The moon landings and our trips into space were real and tangible evidence that we were the good guys striving in a huge and challenging national goal. A goal no other nation could accomplish. We went out unarmed in the name of mankind and openly published what we saw. When the astronauts were in trouble the world prayed for them. The moon landings were watched world-wide. One of the first events to be seen live across the globe.

Even if there were no financial benefit; even if there were no practical benefit for doing such things; I still think having a large national goal to focus our peaceful and benevolent energies on would would be reason enough to justify the expense.



Posted by: benjammin

Re: Do you believe? - 07/31/08 12:32 PM

I'd agree that the initial push into space and the moon did accomplish great things insofaras getting the physics of the previous 200 years engineered into modern society. There was a lot of great ideas floating around that had little chance of developing until such need as what the space program initially compelled us to produce. Those days are for the most part done. There are still a few novel physics concepts to iron out that almost uniquely require a platform such as space exploration, but there will be no big leaps and bounds like what we saw going from the early 50s to the 70s.

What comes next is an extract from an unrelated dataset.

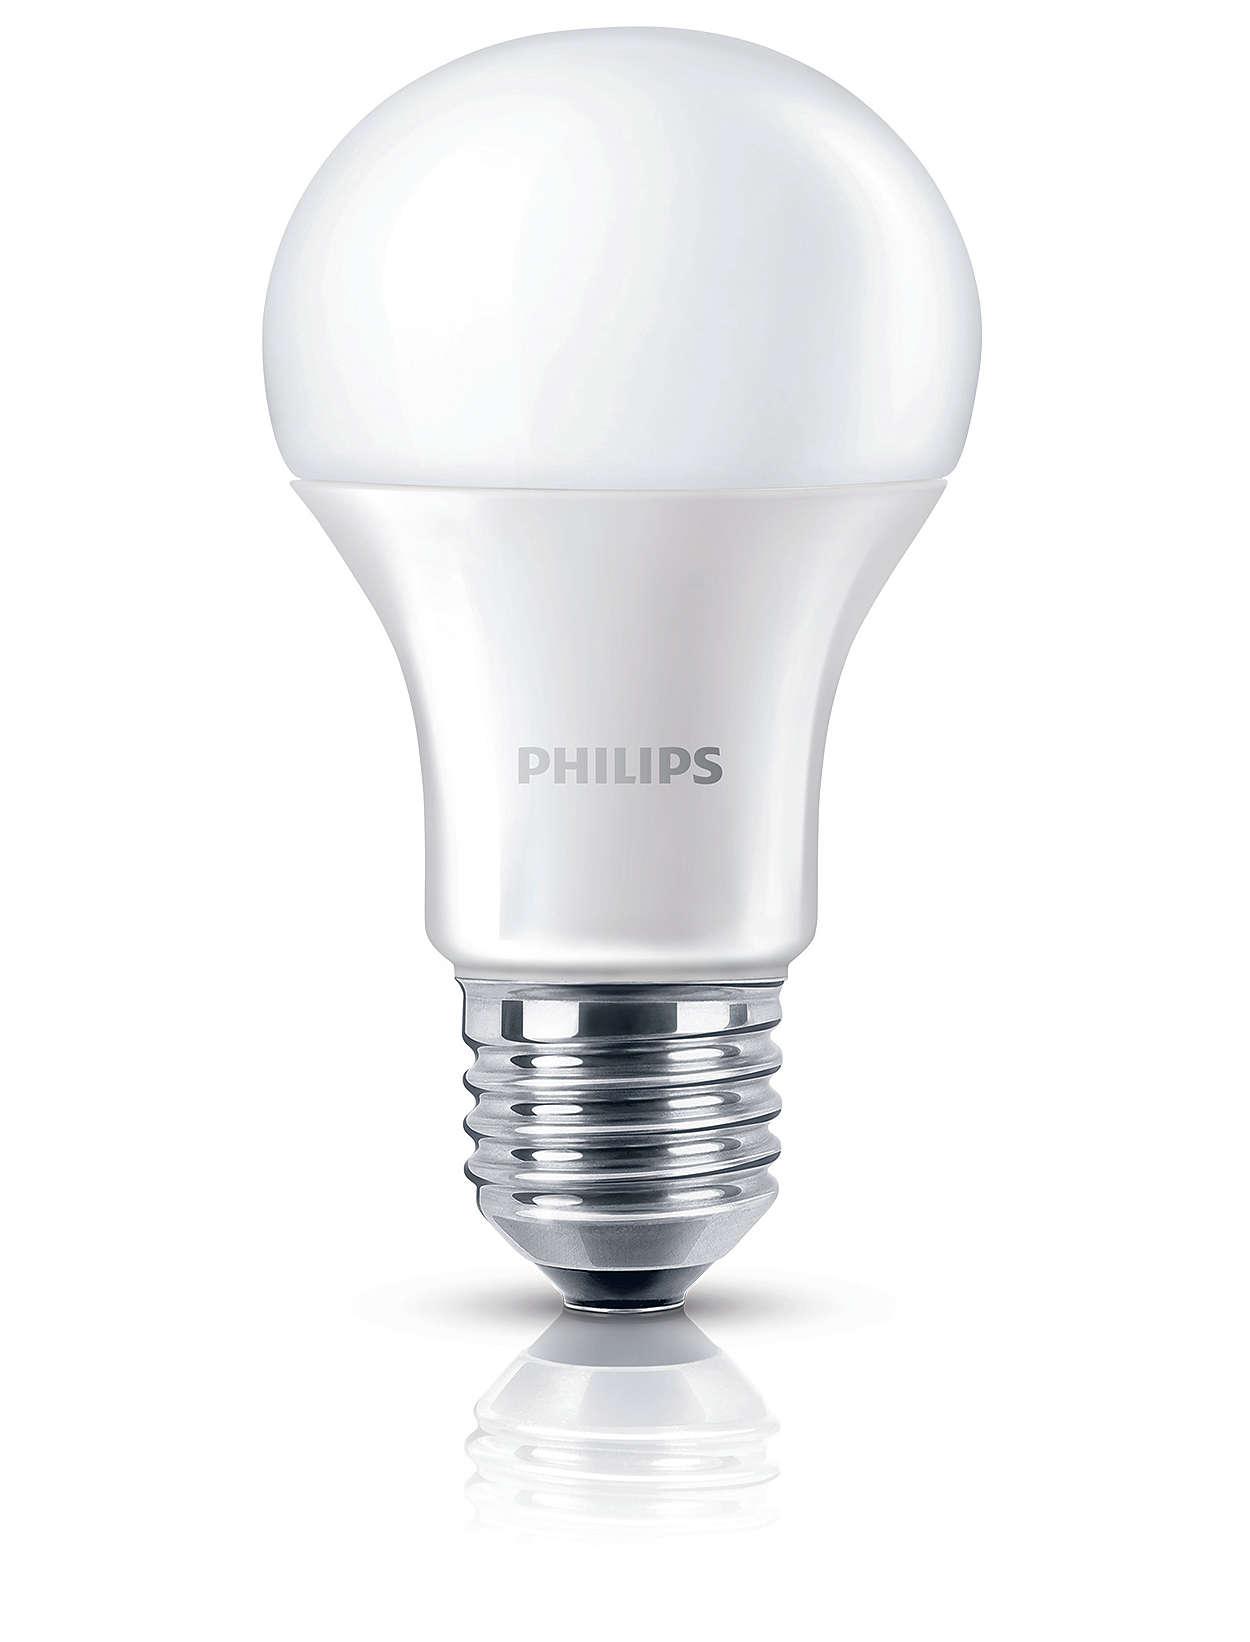 Vitt ljus – utan att offra ljuskvaliteten

I believe the far bigger cost for this country in the Vietnam conflict/war/police action was the loss of a lot of good men for purely political reasons, in the end failing miserably to meet our objectives.

As for the here and now, I believe there is an abundance of much more suitable peaceful and benevolant objectives upon which we can focus our energies as a national goal that have nothing to do with space exploration, and for which continued investment in space exploration at this time would seriously detract from.
Posted by: Chisel

Re: Do you believe? - 07/31/08 07:50 PM

Sorry guys I am replying to the original question

Do I believe in ghosts ? not really. But I was once spooked by something very strange. I had agreed with someone to have a meeting every Tuesday evening. Well, first Tuesday I received a phone call from DD1 to come get her from a relative house. She was with mom and other kids in their grandparents house far away and she decided to cut the visit and come back with a relative who dropped her in another relative house 15 miles away, and I had to go and bring her home.

That was no more than an inconvenience and I offered my apology for missing the meeting. OK, next Tuesday evening, mom arrived by train with kids and LOTS of baggagge and called me to come and pick them up. Frustrating but it was no more than a coincidence.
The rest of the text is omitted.